Hermann Höfte, directeur de recherche à l’Inra de Versailles, a travaillé sur ces protéines CRY. Il confirme aussi cette teneur d’environ 10 µg/g dans les feuilles ou différents organes de la plante. Lorsqu’on dose cette protéine au cours du temps, au cours de la croissance de la plante, les valeurs restent les mêmes ! Ce qui veut dire que la protéine est détruite au fur et à mesure de sa synthèse par le catabolisme cellulaire. Rien n’est prévu, en effet, pour qu’elle s’accumule ou se retrouve dans quelques compartiments (organites) de la cellule.

Qu’arrive-t-il à la mort de la plante ?

Evidemment, à la mort de la plante, après la récolte, avec l’enfouissement des « pailles », la protéine se retrouve potentiellement dans le sol soit par exsudation soit par destruction (lyse, décomposition) des tissus par l’humus. La protéine ne fera que s’ajouter aux nombreuses autres protéines présentes de la plante et, plus spécifiquement aussi, à toutes les toxines produites par les bacilles de Thuringe naturellement présents dans la plupart des sols. Les toxines  subiront le même sort que toutes les autres protéines présentes dans un sol !
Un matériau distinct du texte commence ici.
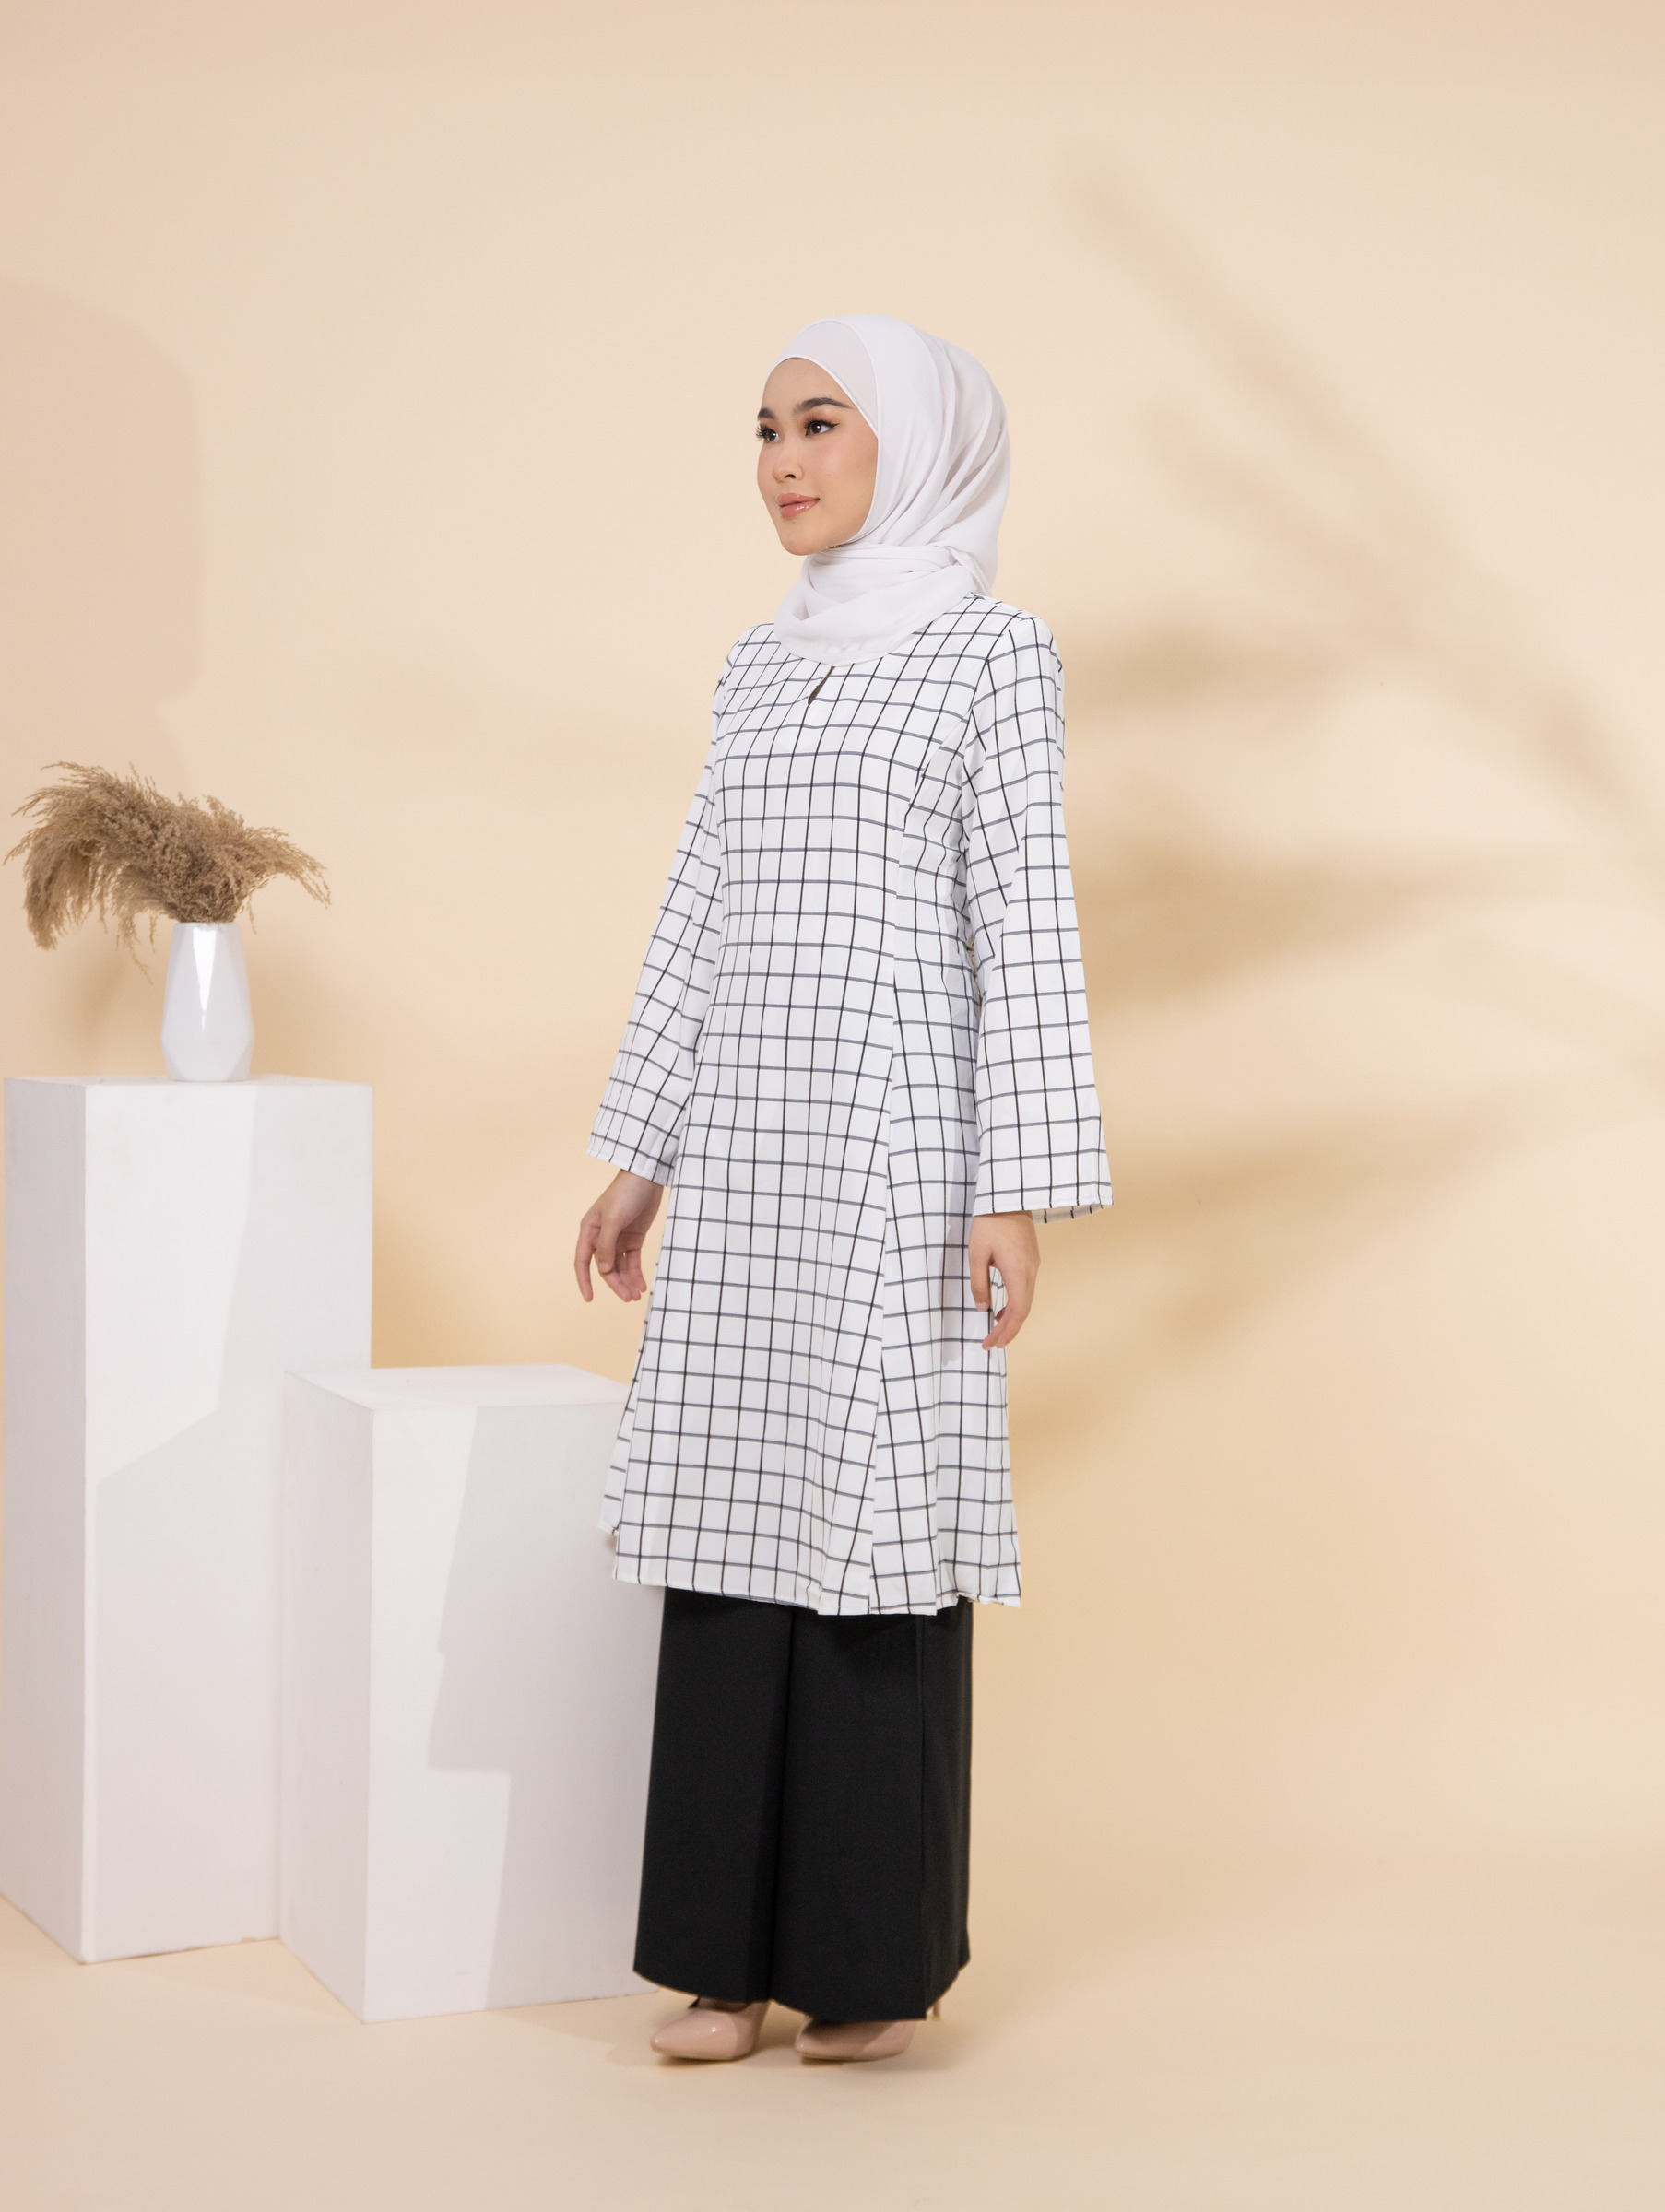 haura-wear-akasia-kurung-kebarung-raya-muslimah-long-sleeve-baju-skirt-kain-perempuan-baju-sepasang (7).jpg

On connaît plus de 250 protéines CRY mais d’autres toxines sont connues notamment de la famille CYT, environ une trentaine. Aucune autre toxine que celles qui sont trouvées dans les PGM n’ont mieux été étudiées que celles là. On les connaît parfaitement (structure primaire, étude de toxicité, d’allergénicité, etc).

Les préparations de Bacille de Thuringe correspondent la plupart du temps à un mélange de plusieurs toxines dont on connaît mal la composition, la teneur respective de telle ou telle toxine présente, des autres toxines (CYT), aucune étude d’interactivité etc… mais qui sont, par contre, autorisées depuis des décennies tant en culture conventionnelle qu’en culture selon le mode AB (fait partie des « insecticides » permis en AB, et l’AB ne s’en prive pas !).

Philippe Joudrier, Docteur d’Etat en biologie a été directeur de recherche à l’INRA où il se consacra à des travaux de recherche en biochimie et biologie moléculaire des céréales. Expert au sein du Conseil Supérieur d’Hygiène Publique de France (CSHPF) puis au sein de l’AFSSA, il a présidé de 2006 à 2009, le comité d’experts spécialisé en Biotechnologie, chargé de l’évaluation des OGM. Il fait actuellement partie des en France du CSBT (Comité de Surveillance Biologique du Territoire) et au niveau européen du comité “Food Enzymes” au sein de l’AESA (EFSA). IL a publié ” OGM : Pas de quoi avoir peur !” Ed. Le Publieur, 2010)

Références pour les informations contenus dans l’entretien ci-dessus :

-Référence : voir le rapport récent de l’OPECST : Pesticides et santé. C. Gatignol (député) et JC Etienne (Sénateur), 29/04/2010.

Les publications de B. Ames (1990, PNAS) qui font comprendre que le concept de « plantes à pesticides » ou « plantes pesticides » qui a été appliqué spécifiquement aux PGM est totalement ridicule. Tous les organismes vivants sont pesticides contre l’un ou l’autre de leurs prédateurs ! (y compris l’homme évidemment). De très nombreux de ces pesticides naturellement contenus dans les organismes sont des protéines !

Il fait aussi comprendre qu’un grand nombre de substances naturelles contenues dans les plantes (ou les organismes vivants) sont des mutagènes (et donc cancérogènes potentiels) ou des toxines.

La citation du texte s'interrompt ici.